Я стояла на балконе и часами наблюдала за жизнью немецкой части. Утром они делали зарядку, бегали по кругу. Через год я поступила в школу. На уроках физподготовки я бегала по этому же кругу десять лет.
Потом всю часть выстраивали, читали приказы, распоряжения. Половина немцев уезжала до обеда. Возвращались грязные, в грязной спецодежде, опять выгружали из машин металлические части, детали. Ели они три раза в день из котелков, прямо во дворе. Там же стоял большой котел на колесах.

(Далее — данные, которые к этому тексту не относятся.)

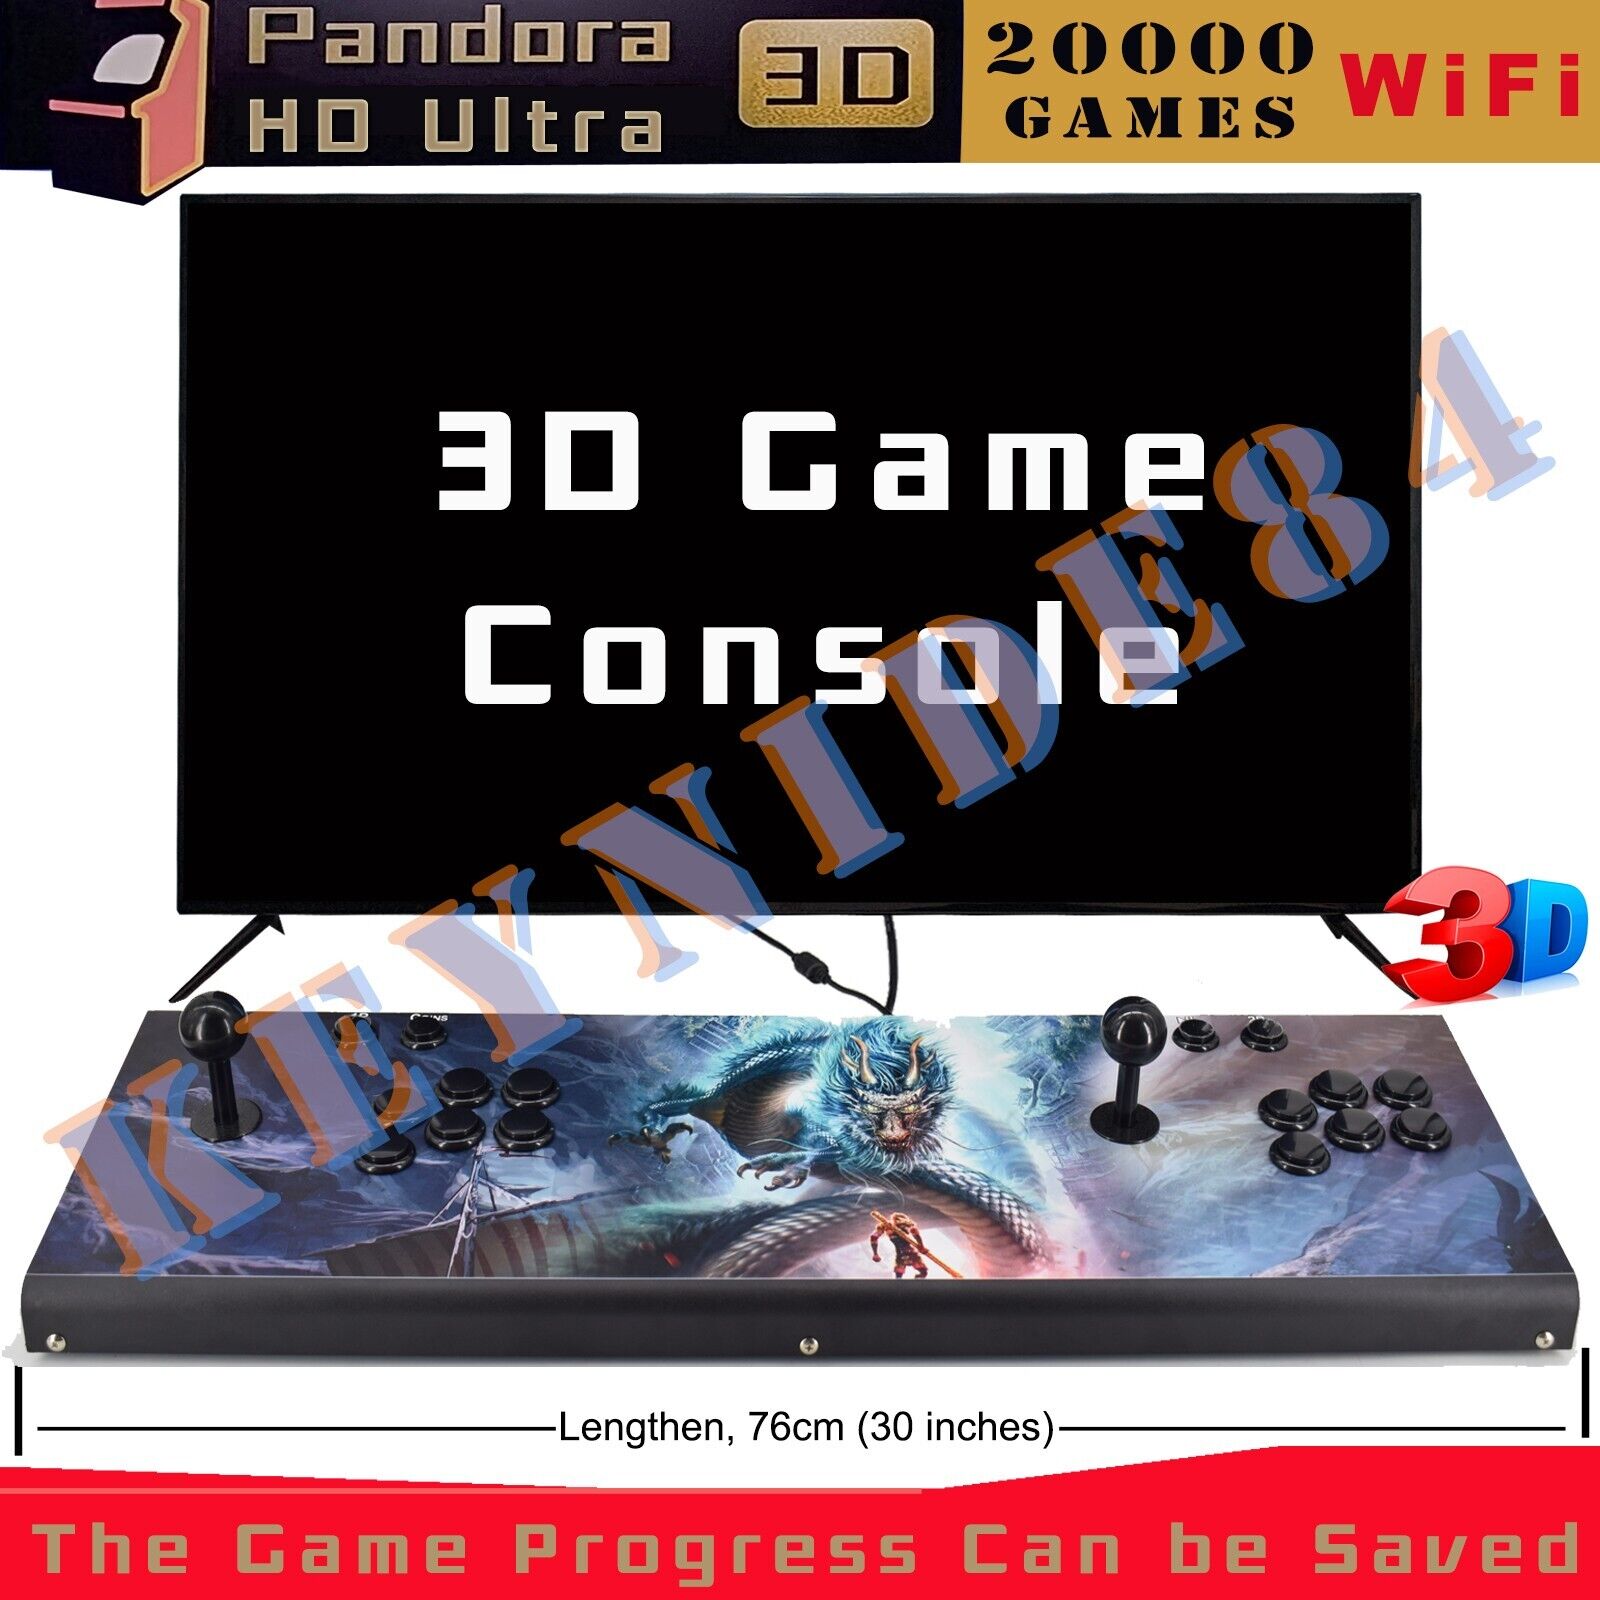 NEW Retro Video 3D WiFi ALL Metal Lengthen 20000 Games Pandora Box Home Arcade

Вечером немцы пели, обнявшись и раскачиваясь из стороны в сторону. Они очень бурно и громко смеялись. Смешно им было все. Иначе откуда столько смеха? Тогда я впервые услышала звук губной гармошки, и не могла понять и разглядеть, что же издает такой неполноценный звук.
Вдруг один немец понес свой котелок куда-то в сторону. Куда? Я так свесилась с балкона, что чуть не свалилась… И увидела как он выливает из своего котелка суп в кастрюльку подбежавшей к нему девочки. Я скатилась с четвертого этажа и понеслась туда, где только что видела девочку. Там стояла толпа детей с кастрюлями.
Проход на территорию части был закрыт железными трубами, но кто-то в одном месте их раздвинул. Через эту лазейку можно было проникнуть во двор, поближе к котлу на колесах. Можно поискать того «доброго» немца, который включил приемник…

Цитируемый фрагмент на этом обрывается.